According to U.S. patent application Ser. No. 163,642 of Rino Mazzanti, filed Mar. 3, 1988 entitled "HANGER RETAINING CLAMP FOR GARMENT BAGS", a clamp for retaining hangers includes a rigid C-shaped frame with a lower leg for supporting hangers, but the part movable against the lower leg is an elongated eccentric bar in the plane of the frame rather than a hinged jaw with an additional locking member articulated thereto. The number of moving parts is reduced to a minimum, whiIe retaining beneficial features including the stationary C-frame with fixed lower member for supporting hangers. According to the Mazzanti invention, it is not necessary to spring bias a jaw member toward its open position. No relatively movable articulated locking tab is necessary. Mazzanti has abandoned the conventional technique of hingeably attaching jaw members by one end and providing means locking them together at their opposite end. In place of elongated hinged jaws as in the art, Mazzanti's eccentric clamping bar rotates on an axis in a plane including the lower leg of the C-frame such that an eccentric protrusion of the clamping bar is rotated downwardly toward the lower leg of the C-frame, whereupon the hangers are clamped. Upon rotating the clamping bar to move its eccentric upwardly, the lower leg of the C-frame is made fully accessible and will receive and support hangers.
The prior hanger clamps such as disclosed in the London, Mobley and Gregg patents are substantially improved by the Mazzanti invention wherein the movable clamping mechanism within the rigid C-shaped frame is an eccentric clamping bar instead of hinged elongated jaws.
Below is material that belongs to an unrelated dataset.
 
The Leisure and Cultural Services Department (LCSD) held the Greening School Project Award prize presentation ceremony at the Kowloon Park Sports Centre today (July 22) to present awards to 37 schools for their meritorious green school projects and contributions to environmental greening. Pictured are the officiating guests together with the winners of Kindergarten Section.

Nevertheless, like the prior art arrangements, the Mazzanti invention supports the hangers along a precisely horizontal support defined by the lower leg of the C-frame. It is presently preferred in connection with hanger clamps for garment bags that the horizontal span of the clamp be relatively short, for example about 3 cm. By orienting the lower frame leg at horizontal according to the art, there is relatively little vertical space in the clamp when opened, and the hangers must be placed relatively close to one another along the lower frame leg. The user, whose view of the clamp area may be obstructed, is prone to overlap the hangers and otherwise to entangle the hangers and the clamp. Individual hanger receptacle slots can be formed in the lower leg of the C-frame, but this does not entirely solve crowding problems. If a relatively large number of hangers (e.g. 8) are included in the short horizontal span (e.g. 3 cm), the individual hangers must be quite close together (0.375 cm or 0.15 inch). Frequently the hangers and/or garments are as thick as the allowed spacing between the hangers. The result is that the hangers are overcrowded and difficult to handle, with an added tendency for the hangers to be dropped from the clamp and/or for the garments to come off the hangers.
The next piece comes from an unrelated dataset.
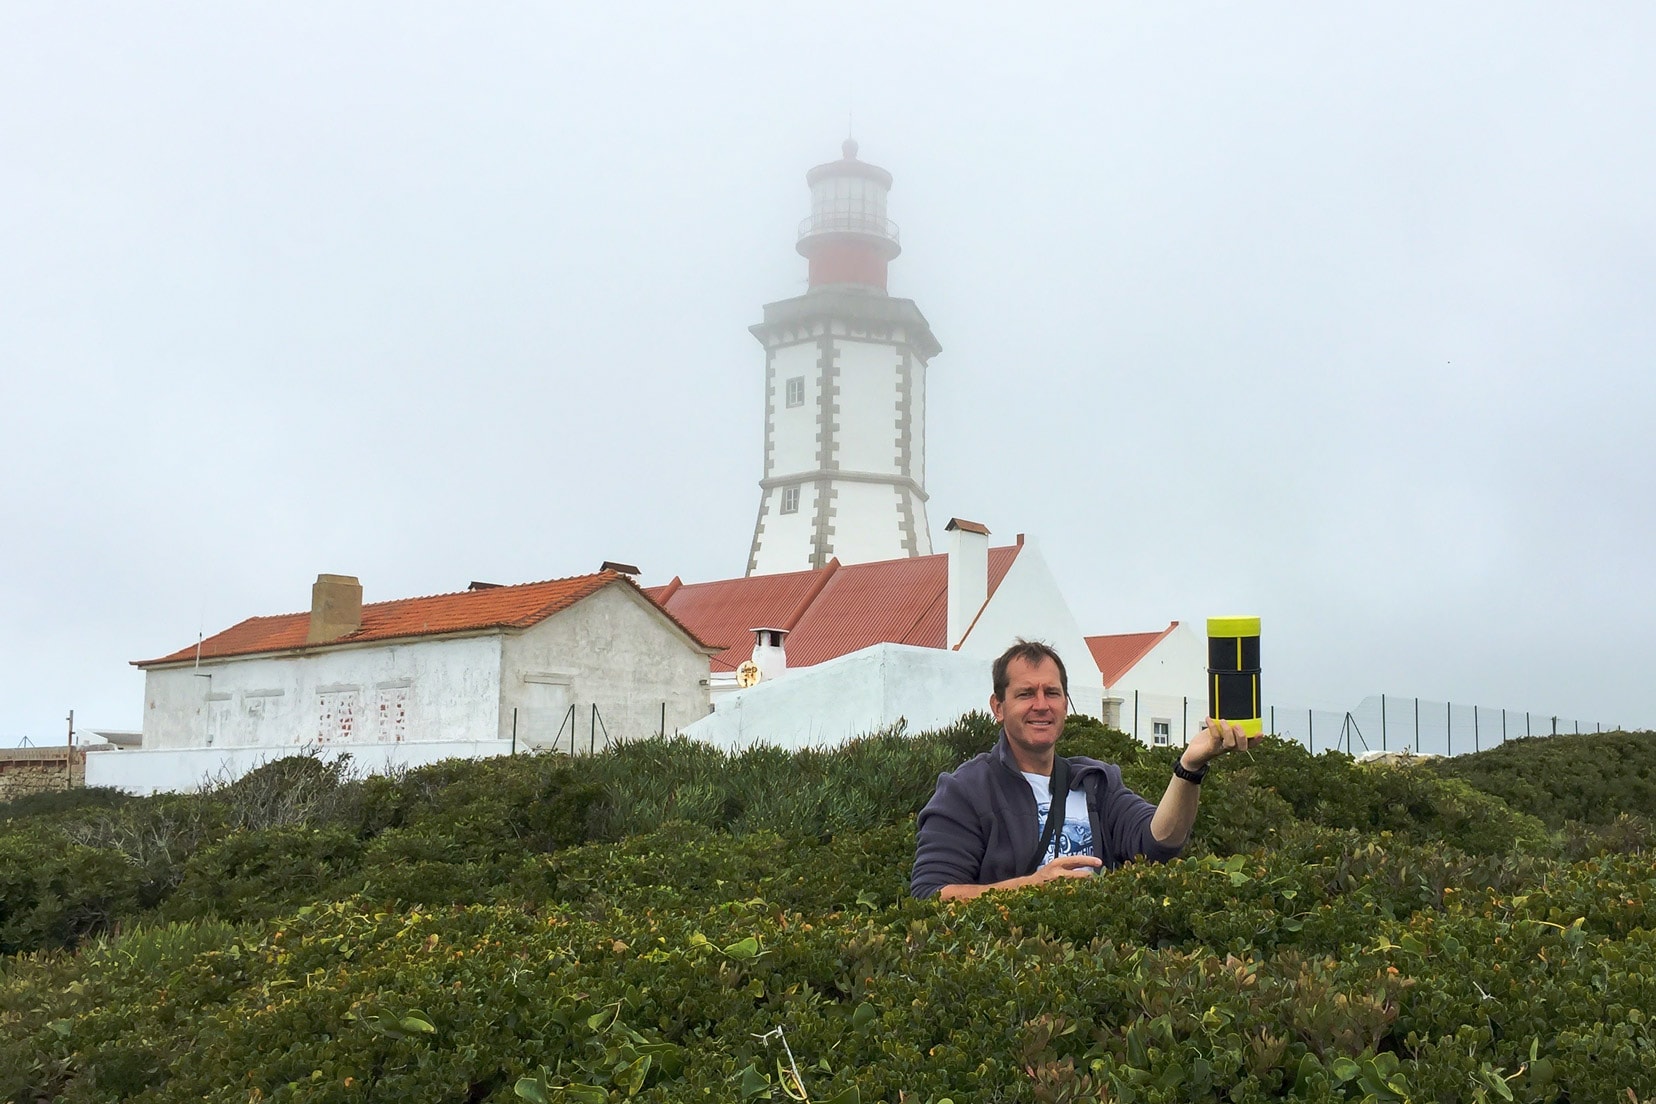 geocaching in the scrub with lighthouse  in a foggy background

The present invention avoids these drawbacks in the horizontal lower frame member by inclining the lower frame member to incline downwardly towards its distal end. Preferably the rotation axis of the clamp bar is horizontal and thus the radial distance to the eccentric contact surface of the clamp bar increases proceeding toward the front of the clamp. At the front or distal end of the lower frame leg (i.e., at the extreme end of the clamp opening), there is a relatively large space defined between the lower frame leg and the rotatable clamp bar. Also by virtue of the inclined lower leg, hangers placed further back into the clamp are higher than the hangers residing toward the front. The hangers are relatively more spread out on the inclined lower leg of the C-frame, such that the user can see, feel and manipulate the hangers much more easily through the wide unobstructed front opening.
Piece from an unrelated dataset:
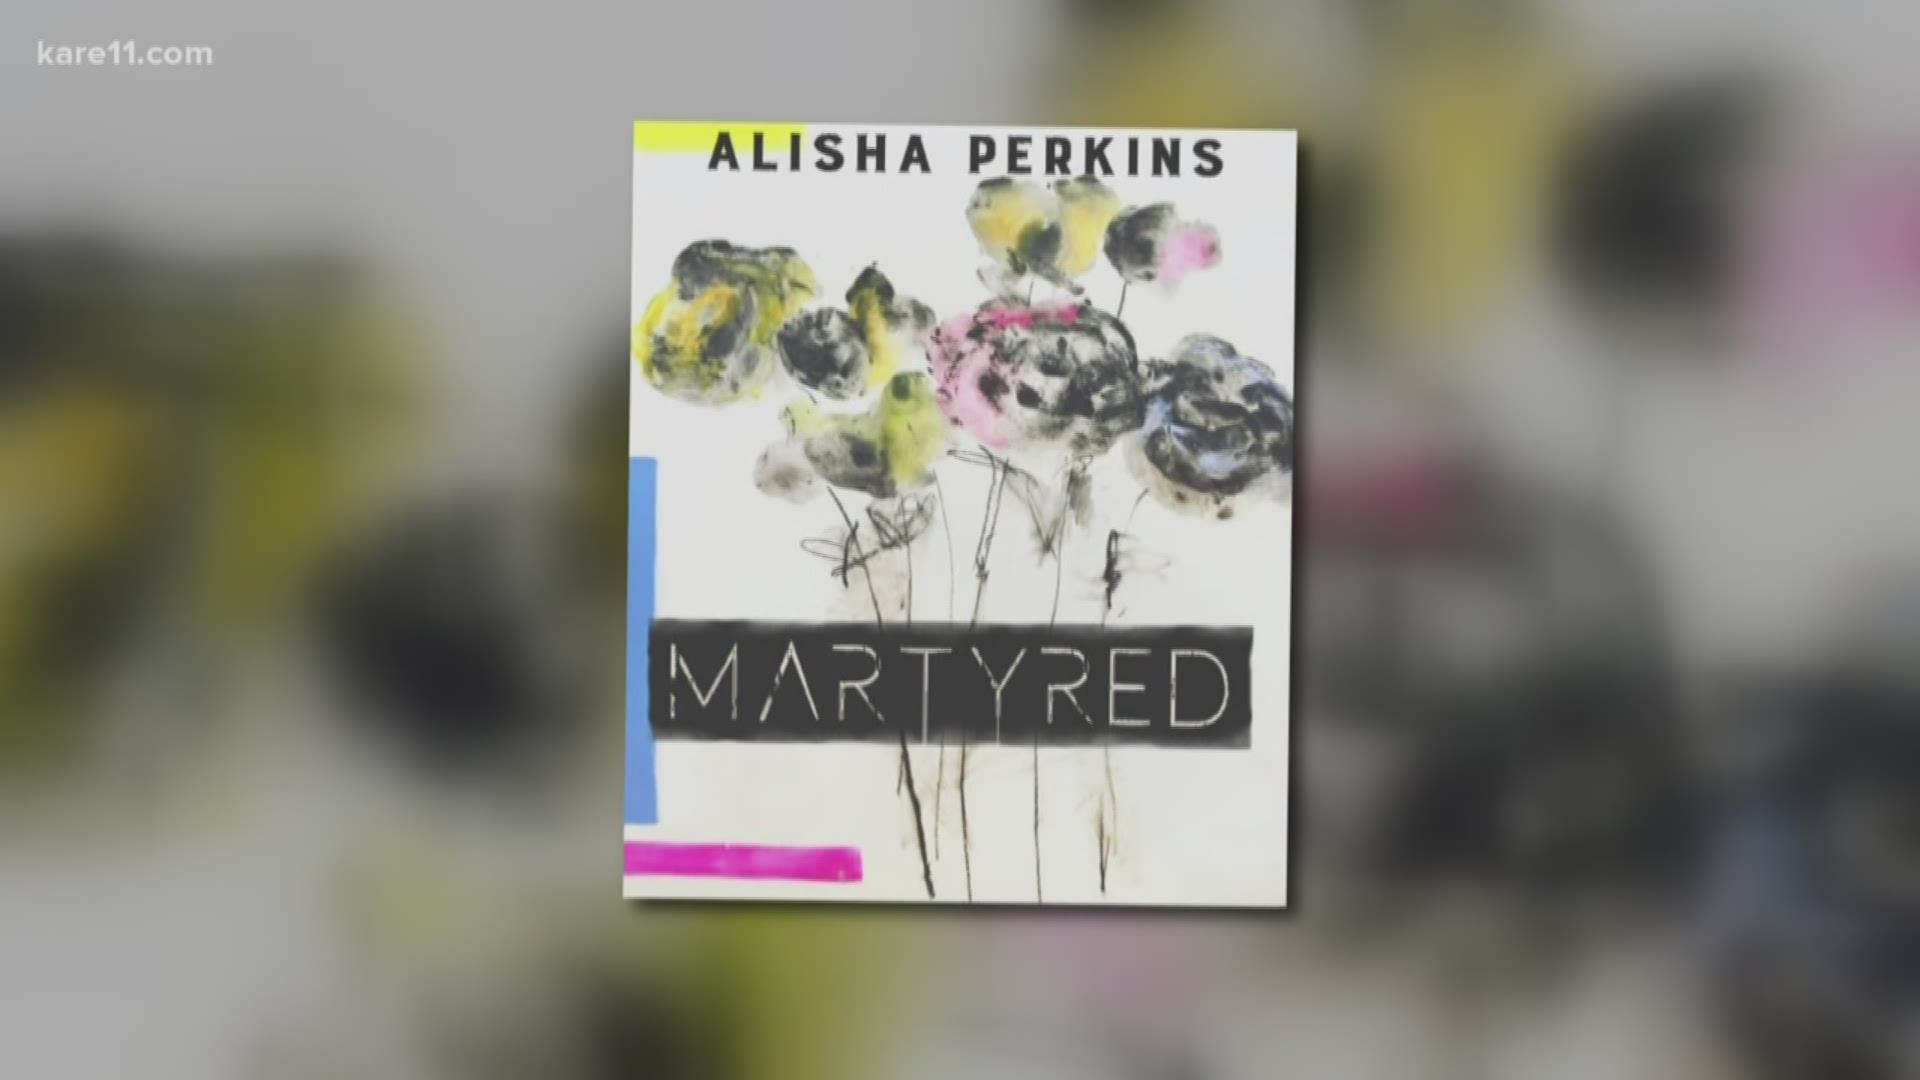 Alisha Perkins' new novel, "Martyred," is about three women who reach a breaking point after sacrificing for their families - and society.

One consideration leading the prior art to change from a hinged leaf arrangement to a rigid frame was to avoid the situation wherein the lower member of a jaw-type clamp dropped downwardly when opened, thereby spilling the hangers from the clamp. Accordingly, the Mobley and Gregg patents specifically teach that the lower frame leg should be substantially non-inclined and horizontal. The present invention does not use conventional jaws at all, and moreover, the lower frame leg retains hangers notwithstanding the incline. A clamp pad or like structure on the lower leg has a plurality of individual hanger-receiving depressions. The individual depressions are deep enough that the hangers, normally of approximately 12 to 14 gauge wire, tend to remain in the individual depressions. It is presently preferred that the depth of the individual depressions in the resilient clamp pad be approximately half the diameter of the wire hangers expected to be received therein. The depth is preferably such that even the thinnest expected hanger extends somewhat above the edges of the respective depression in the resilient pad and thus comes into contact with the clamping bar. Accordingly, the wire of the hanger remains suitably clamped and captive.
As a result of the incline of the stationary lower frame leg, the rotatable clamping bar bearing down on the resilient clamping pad on said leg is made to have a substantially larger protruding eccentric portion adjacent the distal end of the C-frame legs. The span of the protrusion at the proximal end, namely at the back of the C-frame, is substantially the same as in the Mazzanti horizontal support clamp. Therefore, the user is provided with greater access and visibility with respect to the hangers. The hangers are positively clamped when the clamp is closed and do not readily spill off the lower frame member even when the clamp is open.
It is an object of the invention to improve on the construction of a garment hanger clamp of the type having a rigid C-frame and eccentric clamp bar, by improving the user's access to hangers in the clamp.
It is another object of the invention to improve the ease of operation of a hanger clamp of the eccentric bar type such that the device can easily be operated with one hand, including manipulation of the hangers and the clamp mechanism.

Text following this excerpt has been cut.